In modo simile, anche l’ assistenza tecnica può avvantaggiarsi della ricerca semantica: “Prendiamo i telefonini, un prodotto complesso che le persone utilizzano tutti i giorni, ma che spesso sfruttano all’un per cento delle loro reali possibilità”. Invece di doversi portare dietro il manuale per studiare e memorizzare le procedure di accesso alle singole funzioni, potrebbe bastare un semplice SMS per ottenere una guida in linea puntuale: “Anche questa è una sperimentazione avviata e che funziona bene: i nostri clienti sono soddisfatti e dalle nostre prove è emerso che nell’85 per cento dei casi il sistema capisce la domanda e risponde in modo appropriato”.
Niente più code al call center, niente risposte poco precise da operatori poco preparati: sarebbe un bel passo in avanti per gli utenti. Certo ci sono anche categorie che potranno trarre minor vantaggio dalla ricerca semantica: è il caso degli scienziati e delle pubblicazioni a contenuto tecnico scientifico. “In questo caso – spiega Varone – si va in un contesto da addetti ai lavori, e questi ultimi riescono a sfruttare e a far fruttare meglio anche le tecnologie più semplici: sono abituati ad usare il lessico di settore, e sono abituati a consultare grosse quantità di materiale per documentarsi”.
Anche in questo caso, comunque, gli esempi di applicazione non mancano: “Abbiamo realizzato un sistema pensato per i medici di famiglia, nel quale inserire i sintomi del paziente per ottenere i medicinali adatti alla cura – secondo la letteratura medica analizzata ovviamente”. Un sistema che non è adatto agli specialisti: “C’è ancora tanto da fare, da migliorare in questo settore: non è un argomento facile, ed è difficile trovare tecnici competenti”.

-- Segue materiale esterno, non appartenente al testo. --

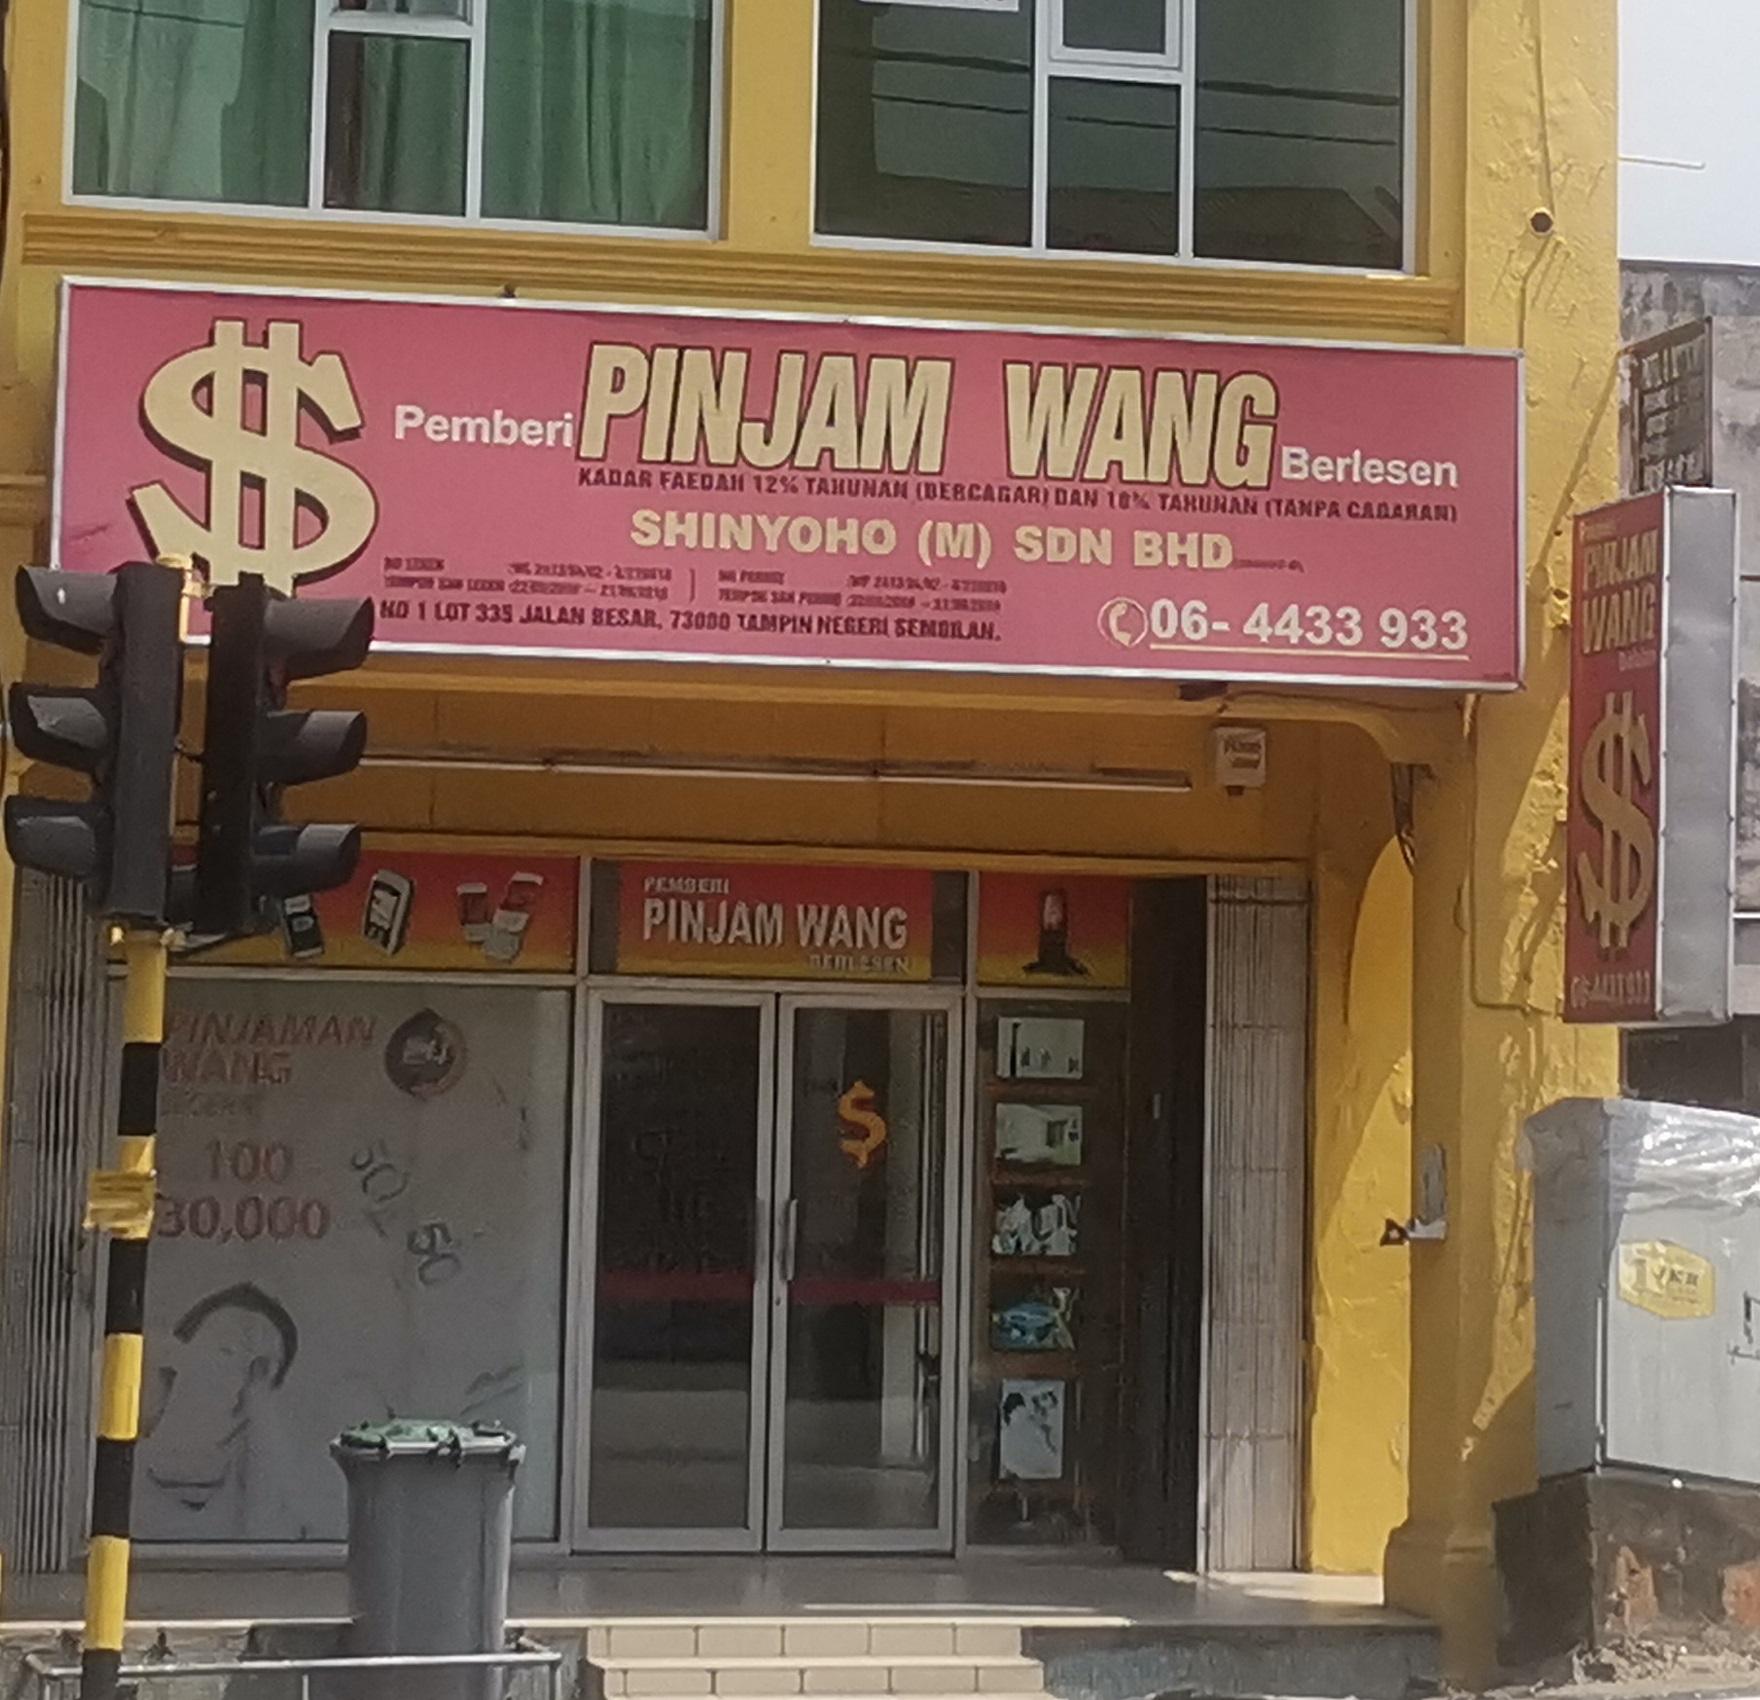 Shinyoho (M) Sdn Bhd   iPinjam com - Direktori Carian Pinjaman Peribadi

Expert System è una azienda italiana – “siamo ben contenti di esserlo” – ma per reperire le risorse dotate delle skill giuste non esita a rivolgersi all’estero: “Abbiamo personale di tutto il mondo, vengono da Ungheria, Danimarca, Francia. Trovare giovani competenti è complicato, la formazione italiana a livello universitario è molto semplificata e in declino: trovare persone che capiscano di semantica non è facile – conclude – anche se il fatto che vada di moda un po’ aiuta”.